I really never intended to have a management position, but this has been an incredible opportunity to experience a portion of it without fully committing. Other replies have described this as a transitional role, and I don't think they're wrong. In the long term, especially if the company grows, I can probably be more valuable by committing to one path or the other. However, for the right person and situation, I could see us minting a TLM again, regardless of size.

18. nostrademons ◴[] No.45046616{3}[source]
That's a large part of it.

Probably the best description I've heard of the EM role is that "It's a large collection of part-time roles, all with disparate skillsets, that together are responsible for ensuring the success of the project."

Communication is a huge part of that - downwards (telling reports the information they need to be successful), sideway (getting information from cross-functional partners and managerial peers so you align your projects with theirs), and upwards (managing expectations and asking for direction at the appropriate point so upper management doesn't freak out).

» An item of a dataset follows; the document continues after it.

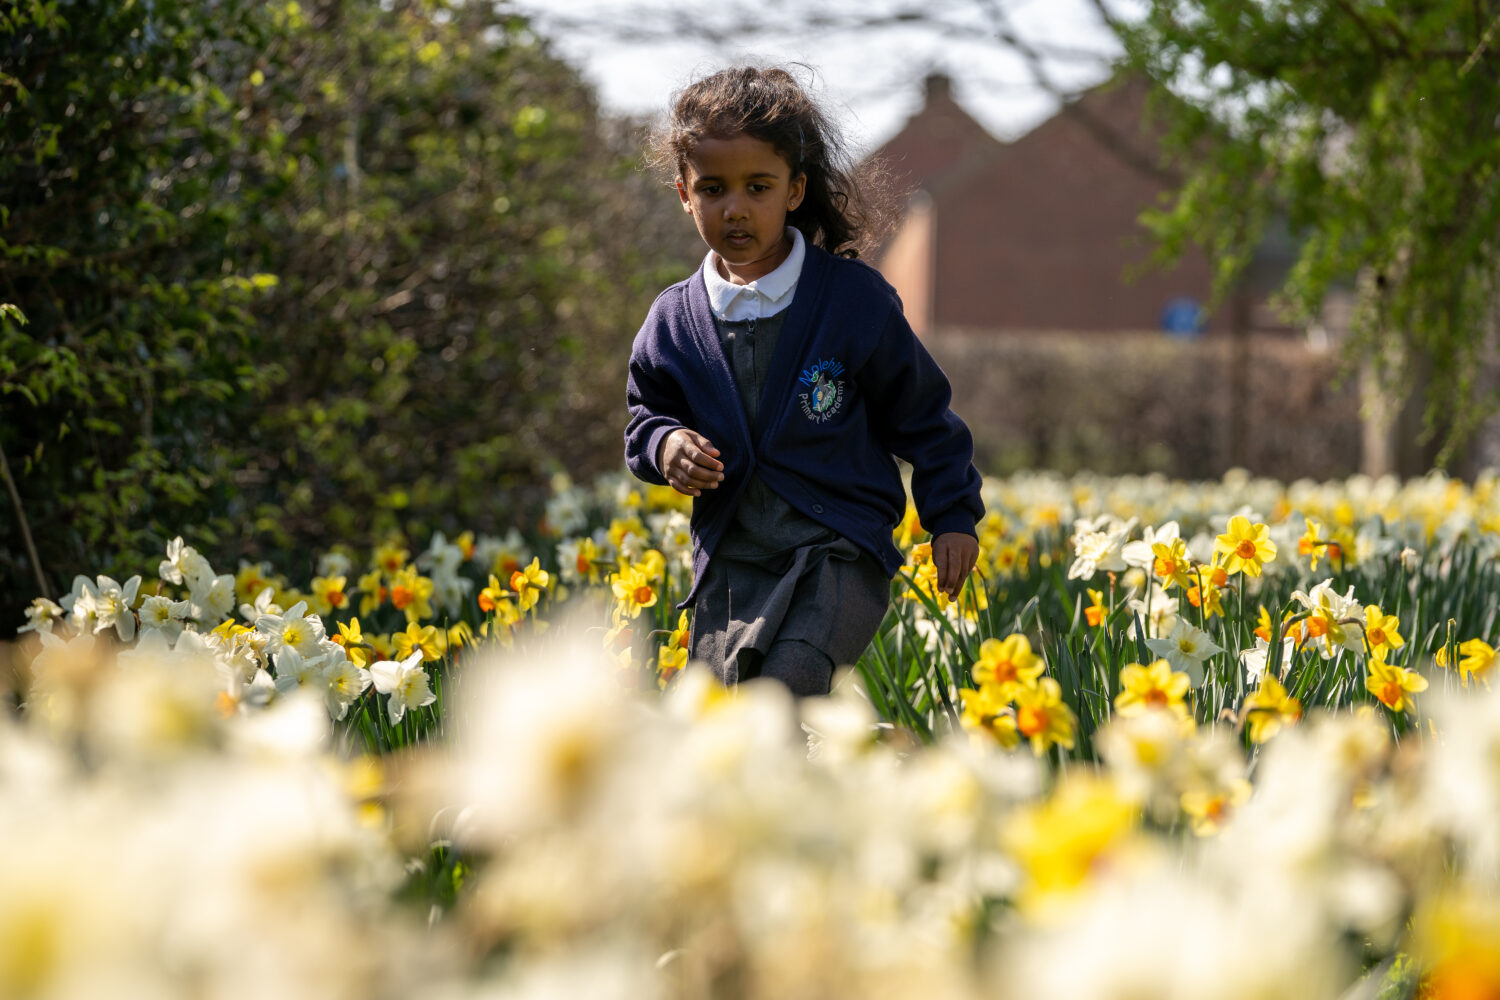 A Molehill Primary student walking through daffodils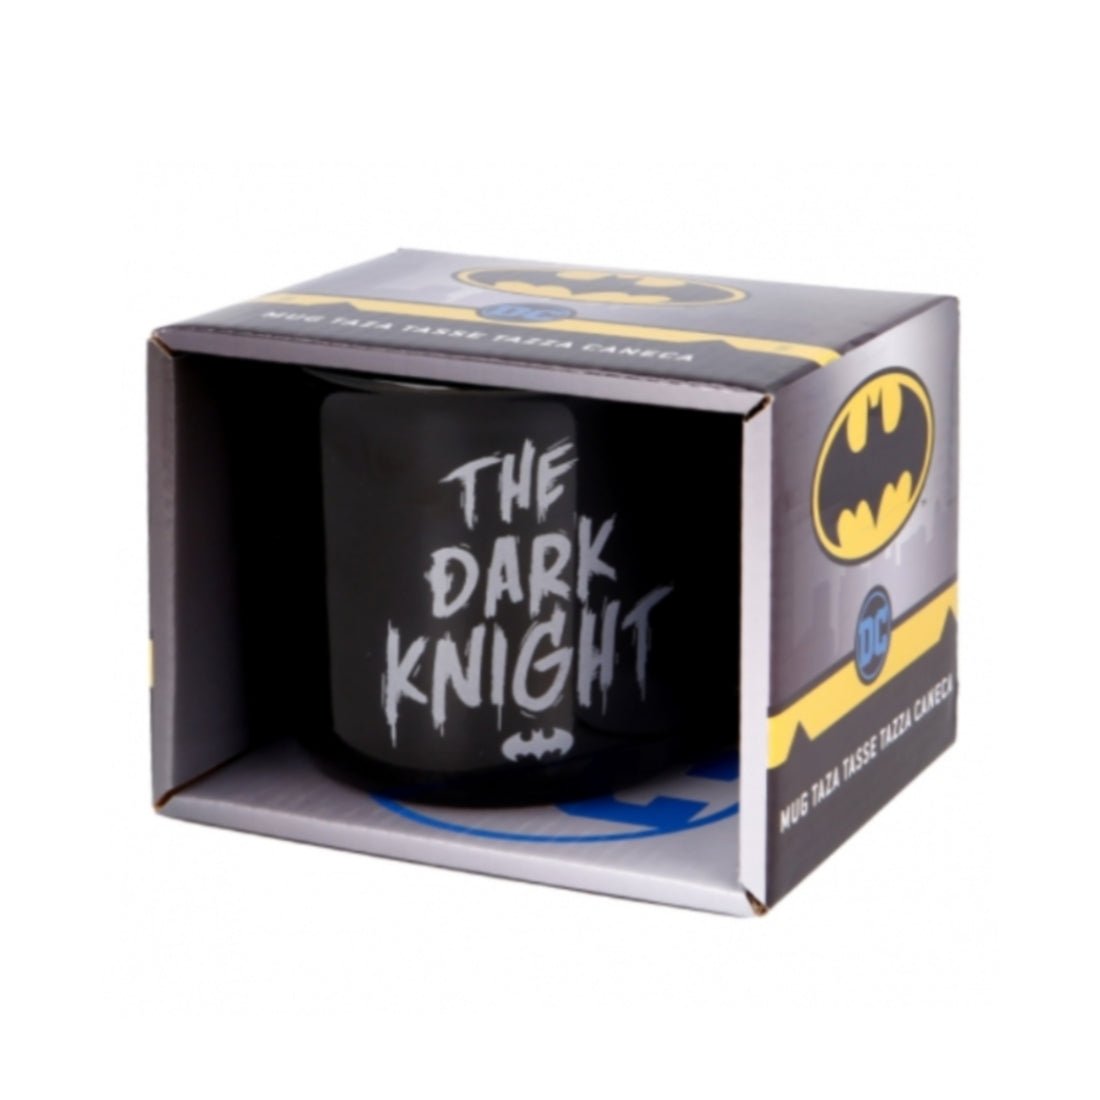 Batman The Dark Knight Ceramic Breakfast Mug - كأس - Store 974 | ستور ٩٧٤

But other skillsets involved are: playing therapist (managing anxiety, morale issues, resentment, and misconduct); coaching (both technical and interpersonal); splitting up vague exec mandates into subgoals; prioritizing; hiring; managing performance; serving as a point of contact for whatever random problems your reports bring you; negotiating; setting team structure; developing expertise among your reports; managing their careers so they get promoted; ensuring that they're recognized for their accomplishments; helping people have fun in the office; modeling a culture of respect; selling new product initiatives; and yes, enforcing company policy.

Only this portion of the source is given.